┌─ SUPPLIED ENTRIES

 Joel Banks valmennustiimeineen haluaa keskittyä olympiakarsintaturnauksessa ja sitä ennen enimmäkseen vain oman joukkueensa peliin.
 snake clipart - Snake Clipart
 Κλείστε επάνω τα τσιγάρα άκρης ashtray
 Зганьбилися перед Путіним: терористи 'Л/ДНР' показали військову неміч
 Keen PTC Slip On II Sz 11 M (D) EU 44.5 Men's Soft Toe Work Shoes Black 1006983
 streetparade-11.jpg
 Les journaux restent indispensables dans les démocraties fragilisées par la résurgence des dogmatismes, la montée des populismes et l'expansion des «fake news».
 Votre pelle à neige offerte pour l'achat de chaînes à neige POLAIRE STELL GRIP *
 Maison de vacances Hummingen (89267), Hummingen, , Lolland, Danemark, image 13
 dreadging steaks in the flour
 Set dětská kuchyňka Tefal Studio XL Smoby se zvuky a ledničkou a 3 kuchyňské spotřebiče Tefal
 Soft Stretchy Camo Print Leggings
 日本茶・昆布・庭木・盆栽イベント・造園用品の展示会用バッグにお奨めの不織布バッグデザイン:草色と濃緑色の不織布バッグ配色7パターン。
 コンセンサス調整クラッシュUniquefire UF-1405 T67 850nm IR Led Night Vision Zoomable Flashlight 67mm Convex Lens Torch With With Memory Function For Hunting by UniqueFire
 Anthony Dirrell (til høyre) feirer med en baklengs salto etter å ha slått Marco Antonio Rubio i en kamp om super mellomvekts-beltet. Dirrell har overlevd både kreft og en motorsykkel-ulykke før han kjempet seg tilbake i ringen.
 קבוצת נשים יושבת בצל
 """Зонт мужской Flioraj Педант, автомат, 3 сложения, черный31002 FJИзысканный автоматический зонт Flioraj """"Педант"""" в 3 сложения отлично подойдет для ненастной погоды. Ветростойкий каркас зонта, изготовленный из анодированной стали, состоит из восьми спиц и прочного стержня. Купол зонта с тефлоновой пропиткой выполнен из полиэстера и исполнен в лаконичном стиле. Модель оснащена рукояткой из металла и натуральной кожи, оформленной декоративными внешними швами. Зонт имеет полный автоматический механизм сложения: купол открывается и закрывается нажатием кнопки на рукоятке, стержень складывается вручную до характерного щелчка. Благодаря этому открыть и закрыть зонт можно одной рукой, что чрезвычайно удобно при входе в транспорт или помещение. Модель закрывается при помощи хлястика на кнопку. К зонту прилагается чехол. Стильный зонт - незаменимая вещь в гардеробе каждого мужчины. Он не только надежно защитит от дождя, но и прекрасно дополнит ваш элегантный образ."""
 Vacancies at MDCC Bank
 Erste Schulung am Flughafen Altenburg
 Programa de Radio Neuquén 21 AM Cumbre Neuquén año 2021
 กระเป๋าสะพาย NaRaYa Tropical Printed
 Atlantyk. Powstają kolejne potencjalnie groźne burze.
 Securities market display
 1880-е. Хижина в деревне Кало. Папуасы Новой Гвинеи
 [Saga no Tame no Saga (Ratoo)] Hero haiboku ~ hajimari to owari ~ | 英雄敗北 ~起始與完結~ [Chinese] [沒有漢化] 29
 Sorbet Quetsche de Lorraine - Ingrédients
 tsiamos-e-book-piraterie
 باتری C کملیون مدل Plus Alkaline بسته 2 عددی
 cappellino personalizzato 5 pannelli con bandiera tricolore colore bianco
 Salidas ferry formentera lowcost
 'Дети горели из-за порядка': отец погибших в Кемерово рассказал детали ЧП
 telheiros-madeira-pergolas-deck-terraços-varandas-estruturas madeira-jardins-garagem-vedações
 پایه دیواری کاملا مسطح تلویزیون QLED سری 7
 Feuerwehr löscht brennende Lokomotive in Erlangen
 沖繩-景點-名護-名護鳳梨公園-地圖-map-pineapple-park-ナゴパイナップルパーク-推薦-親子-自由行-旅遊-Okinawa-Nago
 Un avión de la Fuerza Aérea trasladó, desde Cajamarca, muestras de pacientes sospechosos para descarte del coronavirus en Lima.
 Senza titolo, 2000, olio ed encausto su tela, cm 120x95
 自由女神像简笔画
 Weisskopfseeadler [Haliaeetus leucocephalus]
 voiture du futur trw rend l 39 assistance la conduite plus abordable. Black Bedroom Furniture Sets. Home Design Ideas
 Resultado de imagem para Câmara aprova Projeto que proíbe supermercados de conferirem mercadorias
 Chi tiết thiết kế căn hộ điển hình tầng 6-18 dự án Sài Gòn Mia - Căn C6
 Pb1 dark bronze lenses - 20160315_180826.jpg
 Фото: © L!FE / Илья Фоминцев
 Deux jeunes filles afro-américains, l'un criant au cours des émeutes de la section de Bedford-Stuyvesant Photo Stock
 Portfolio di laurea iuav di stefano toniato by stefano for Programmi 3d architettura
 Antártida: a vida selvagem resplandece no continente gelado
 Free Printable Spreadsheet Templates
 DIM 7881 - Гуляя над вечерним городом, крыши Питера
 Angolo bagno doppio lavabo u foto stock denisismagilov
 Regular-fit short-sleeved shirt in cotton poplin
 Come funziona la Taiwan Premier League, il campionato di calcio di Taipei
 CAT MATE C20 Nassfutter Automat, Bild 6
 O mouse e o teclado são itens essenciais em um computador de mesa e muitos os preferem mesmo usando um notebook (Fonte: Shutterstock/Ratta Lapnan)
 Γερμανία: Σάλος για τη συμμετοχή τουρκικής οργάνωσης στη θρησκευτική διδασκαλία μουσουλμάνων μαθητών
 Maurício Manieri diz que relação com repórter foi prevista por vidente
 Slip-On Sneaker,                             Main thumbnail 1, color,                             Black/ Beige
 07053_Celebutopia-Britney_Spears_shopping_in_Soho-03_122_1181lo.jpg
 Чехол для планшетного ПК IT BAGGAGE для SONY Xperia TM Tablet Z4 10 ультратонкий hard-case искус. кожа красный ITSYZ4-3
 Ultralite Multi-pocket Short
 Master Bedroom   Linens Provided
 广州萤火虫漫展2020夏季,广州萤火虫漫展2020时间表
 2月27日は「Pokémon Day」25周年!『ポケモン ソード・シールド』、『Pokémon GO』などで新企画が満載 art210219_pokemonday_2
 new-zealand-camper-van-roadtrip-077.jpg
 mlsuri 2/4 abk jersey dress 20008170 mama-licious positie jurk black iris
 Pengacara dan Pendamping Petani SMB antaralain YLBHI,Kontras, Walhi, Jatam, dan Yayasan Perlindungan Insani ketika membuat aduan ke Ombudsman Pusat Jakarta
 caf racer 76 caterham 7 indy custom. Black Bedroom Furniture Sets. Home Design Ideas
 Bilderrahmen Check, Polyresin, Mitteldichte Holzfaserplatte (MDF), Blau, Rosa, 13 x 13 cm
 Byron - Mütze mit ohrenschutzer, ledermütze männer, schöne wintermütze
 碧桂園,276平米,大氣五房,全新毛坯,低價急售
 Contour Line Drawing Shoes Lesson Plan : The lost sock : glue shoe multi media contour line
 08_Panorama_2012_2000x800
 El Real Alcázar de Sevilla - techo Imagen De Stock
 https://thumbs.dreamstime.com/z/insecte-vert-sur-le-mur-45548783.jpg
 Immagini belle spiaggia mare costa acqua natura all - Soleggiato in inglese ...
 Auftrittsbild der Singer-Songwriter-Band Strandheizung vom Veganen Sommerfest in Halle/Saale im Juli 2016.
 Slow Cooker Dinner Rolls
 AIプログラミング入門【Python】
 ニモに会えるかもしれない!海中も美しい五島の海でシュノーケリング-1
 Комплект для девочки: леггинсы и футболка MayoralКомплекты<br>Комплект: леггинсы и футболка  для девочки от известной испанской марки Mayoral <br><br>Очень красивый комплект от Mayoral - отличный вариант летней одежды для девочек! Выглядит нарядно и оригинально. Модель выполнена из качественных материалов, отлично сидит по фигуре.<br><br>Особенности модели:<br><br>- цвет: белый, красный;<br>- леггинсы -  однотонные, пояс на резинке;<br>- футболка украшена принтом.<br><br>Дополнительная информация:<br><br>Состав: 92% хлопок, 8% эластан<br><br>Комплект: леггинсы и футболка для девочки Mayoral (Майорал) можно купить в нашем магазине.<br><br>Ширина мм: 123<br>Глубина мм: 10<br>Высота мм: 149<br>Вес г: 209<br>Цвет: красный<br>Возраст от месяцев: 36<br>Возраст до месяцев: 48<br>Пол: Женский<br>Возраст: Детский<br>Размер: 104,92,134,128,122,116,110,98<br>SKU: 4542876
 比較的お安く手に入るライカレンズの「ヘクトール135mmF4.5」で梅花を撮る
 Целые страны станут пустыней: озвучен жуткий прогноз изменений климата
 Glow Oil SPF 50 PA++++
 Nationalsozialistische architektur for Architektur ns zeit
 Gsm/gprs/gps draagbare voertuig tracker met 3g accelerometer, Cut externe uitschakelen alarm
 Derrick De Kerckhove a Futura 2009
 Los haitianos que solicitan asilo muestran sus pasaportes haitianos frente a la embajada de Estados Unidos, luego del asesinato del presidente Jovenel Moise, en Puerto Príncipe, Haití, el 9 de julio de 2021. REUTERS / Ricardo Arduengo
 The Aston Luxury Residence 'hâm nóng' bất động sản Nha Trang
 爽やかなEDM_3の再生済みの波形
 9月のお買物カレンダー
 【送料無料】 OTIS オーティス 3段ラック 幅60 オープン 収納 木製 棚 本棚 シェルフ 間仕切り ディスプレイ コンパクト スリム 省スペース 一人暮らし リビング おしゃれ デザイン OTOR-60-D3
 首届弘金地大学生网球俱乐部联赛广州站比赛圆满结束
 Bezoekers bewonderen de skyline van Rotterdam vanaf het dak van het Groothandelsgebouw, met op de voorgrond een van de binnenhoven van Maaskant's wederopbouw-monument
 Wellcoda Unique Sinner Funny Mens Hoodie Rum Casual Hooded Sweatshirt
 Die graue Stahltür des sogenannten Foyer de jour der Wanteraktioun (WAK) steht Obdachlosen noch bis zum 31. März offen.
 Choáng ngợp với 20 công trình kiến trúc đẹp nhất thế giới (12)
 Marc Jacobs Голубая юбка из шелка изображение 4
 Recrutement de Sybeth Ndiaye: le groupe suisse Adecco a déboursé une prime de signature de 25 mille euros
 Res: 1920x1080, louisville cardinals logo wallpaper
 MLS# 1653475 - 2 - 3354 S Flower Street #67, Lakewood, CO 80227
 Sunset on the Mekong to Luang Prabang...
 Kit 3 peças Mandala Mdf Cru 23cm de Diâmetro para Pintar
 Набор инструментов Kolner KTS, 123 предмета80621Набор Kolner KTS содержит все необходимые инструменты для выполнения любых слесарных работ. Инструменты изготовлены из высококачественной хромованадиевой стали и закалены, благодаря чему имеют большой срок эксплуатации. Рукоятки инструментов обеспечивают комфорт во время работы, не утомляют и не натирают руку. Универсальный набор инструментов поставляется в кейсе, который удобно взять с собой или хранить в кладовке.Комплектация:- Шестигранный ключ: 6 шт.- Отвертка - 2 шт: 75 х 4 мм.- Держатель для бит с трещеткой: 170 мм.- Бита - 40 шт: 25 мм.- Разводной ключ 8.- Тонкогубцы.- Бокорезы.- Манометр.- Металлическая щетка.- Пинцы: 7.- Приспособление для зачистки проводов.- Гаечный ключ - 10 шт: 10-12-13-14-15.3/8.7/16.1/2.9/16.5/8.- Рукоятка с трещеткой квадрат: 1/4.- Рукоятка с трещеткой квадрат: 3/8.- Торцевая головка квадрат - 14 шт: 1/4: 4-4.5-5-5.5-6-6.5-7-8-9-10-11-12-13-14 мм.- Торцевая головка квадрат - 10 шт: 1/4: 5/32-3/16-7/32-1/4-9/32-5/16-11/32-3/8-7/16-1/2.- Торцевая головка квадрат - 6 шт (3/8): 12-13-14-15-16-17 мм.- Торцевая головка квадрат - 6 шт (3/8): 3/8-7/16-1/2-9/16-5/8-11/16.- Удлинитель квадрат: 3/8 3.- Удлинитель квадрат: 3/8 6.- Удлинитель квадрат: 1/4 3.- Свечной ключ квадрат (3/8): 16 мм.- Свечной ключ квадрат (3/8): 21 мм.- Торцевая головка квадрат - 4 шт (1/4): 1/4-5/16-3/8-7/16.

└─

## ABOUT THIS EXERCISE
Exact reproduction of the lines from the top of the material through the line where "streetparade-11.jpg" appears is required, both boundary lines included, with no other output.

## SOLVED PROBLEM
 Joel Banks valmennustiimeineen haluaa keskittyä olympiakarsintaturnauksessa ja sitä ennen enimmäkseen vain oman joukkueensa peliin.
 snake clipart - Snake Clipart
 Κλείστε επάνω τα τσιγάρα άκρης ashtray
 Зганьбилися перед Путіним: терористи 'Л/ДНР' показали військову неміч
 Keen PTC Slip On II Sz 11 M (D) EU 44.5 Men's Soft Toe Work Shoes Black 1006983
 streetparade-11.jpg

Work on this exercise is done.